RESULTS AND DISCUSSION

Isolated perfused rabbit heart: When added sodium stibogluconate in a dose of 16 μg mL^-1 to the isolated perfused rabbit heart it produced a slight increase in the force of heart contraction; where as Paromomycin in a dose of 16 μg mL^-1 produced no effect. The combination of sodium stibogluconate (16 μg mL^-1) and paromomycin (16 μg mL^-1) increased the force of contraction slightly.

Fig. 1:	Responses of the isolated perfused rabbit heart to sodium stibogluconate, paromomycin and the combination of the 2 drugs

Fig. 2:	Responses of the isolated rabbit aortic strip to sodium stibogluconate and paromomycin

Isolated rabbit aortic strip: Both sodium stibogluconate and paromomycin when added in a dose of 32 μg mL^-1 has neither stimulatory nor inhibitory effect on the rabbit aortic strip. Prior administration of each these drugs did not antagonize the stimulatory effect of noradrenaline (16 μg mL^-1) thus, they has no alpha antagonistic property.

Isolated rat uterus: Sodium stibogluconate and paromomycin in a dose of 16 μg mL^-1 has no effect on the isolated non contracting rat uterus. Similarly, they didn’t relax the contractile rat uterus.

Isolated rabbit intestine: Sodium stibogluconate and paromomycin when added in a dose of 32 μg mL^-1 they produced no effects on the isolated rabbit intestine.

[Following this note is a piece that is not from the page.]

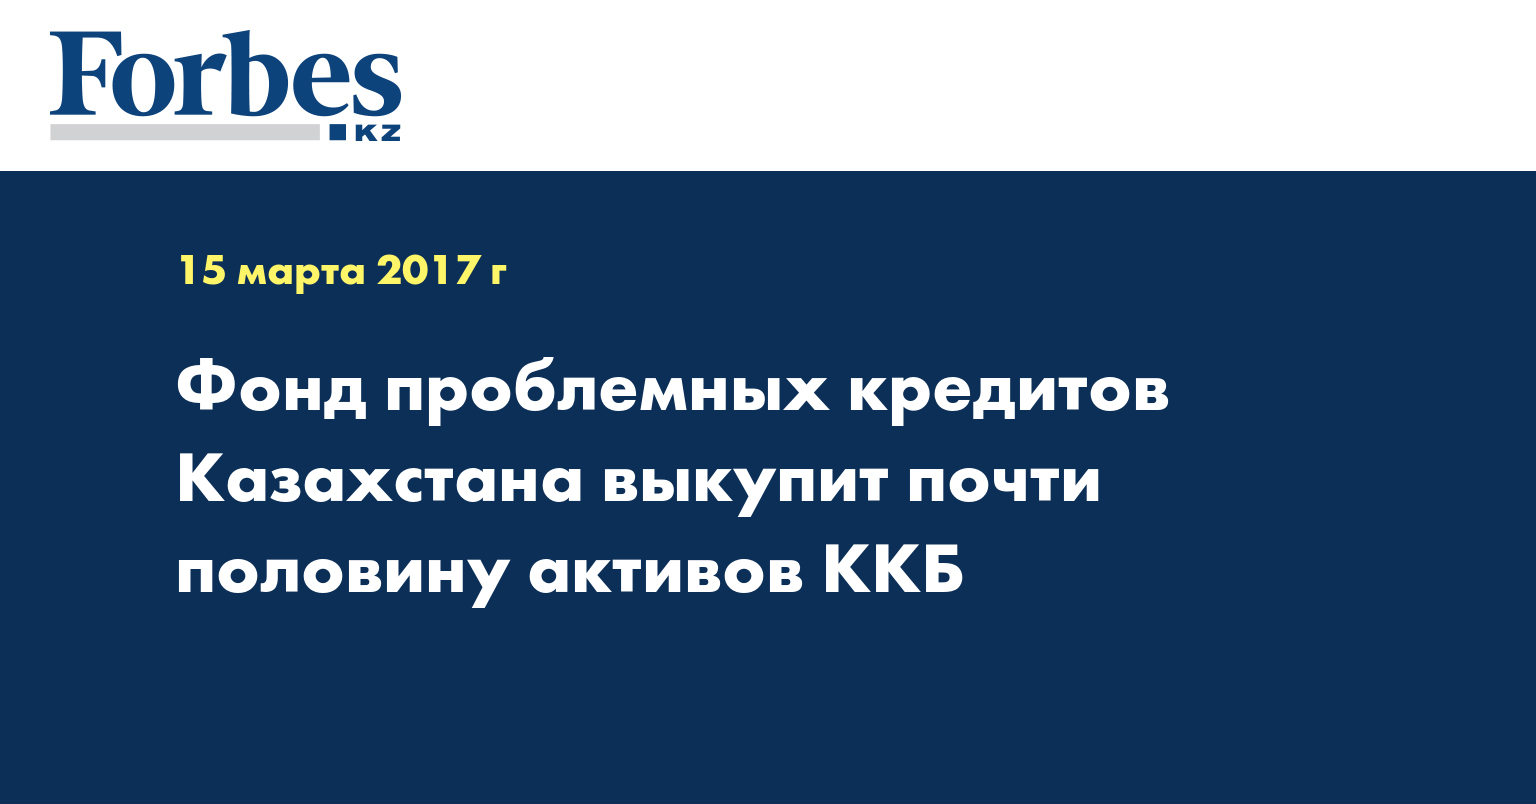 Фонд проблемных кредитов Казахстана выкупит почти половину активов ККБ

The pharmacodynamics effect and interactions of paromomycin and sodium stibogluconate was investigated in isolated perfused rabbit heart, rabbit aortic strip and intestine as well as isolated rat uterus. When sodium stibogluconate was added in a dose of 16 μg mL^-1 to the isolated perfused rabbit heart it produced a slight increase in the force of heart contraction; where as paromomycin in a dose of 16 μg mL^-1 produced no effect. The combination of 2 drugs at the same concentration increased the force of contraction slightly; this may be due to the effect of sodium stibogluconate and that paromomycin has no effect on the response (Fig. 1). Both drugs when added in a dose up to 32 μg mL^-1 have neither stimulatory nor inhibitory effect on the rabbit aortic strip. Prior administration of each these drugs did not antagonize the stimulatory effect of noradrenaline (16 μg mL^-1) in this organ, suggesting that they have no alpha antagonistic property (Fig. 2).

Both drugs in a dose of 16 μg mL^-1 either separately or in combination produce no effect on the rat uterus preparation wether in contracting or non contracting state. Similarly, the 2 drugs didn’t relax the contractile rat uterus (Fig. 3). Similarly, the 2 drugs when added in a dose of 32 μg mL^-1 produced no effects on the isolated rabbit intestine (Fig. 4).

Fig. 3:	Responses of the isolated rat uterus to sodium stibogluconate and paromomycin

Fig. 4:	Responses of the isolated rabbit intestine to sodium stibogluconate, paromomycin and the combination of the 2 drugs

CONCLUSION

Thus, these results showed that these drugs have no significant effects on various isolated animal tissues except the effect of sodium stibogluconate on the isolated perfused rabbit heart that produced a very slight increase in the force of heart contraction and there fore it should be used with caution in patients with heart problems. Also these results indicated that the 2 drugs have no synergistic effect on various isolated animals tissue when they were added together.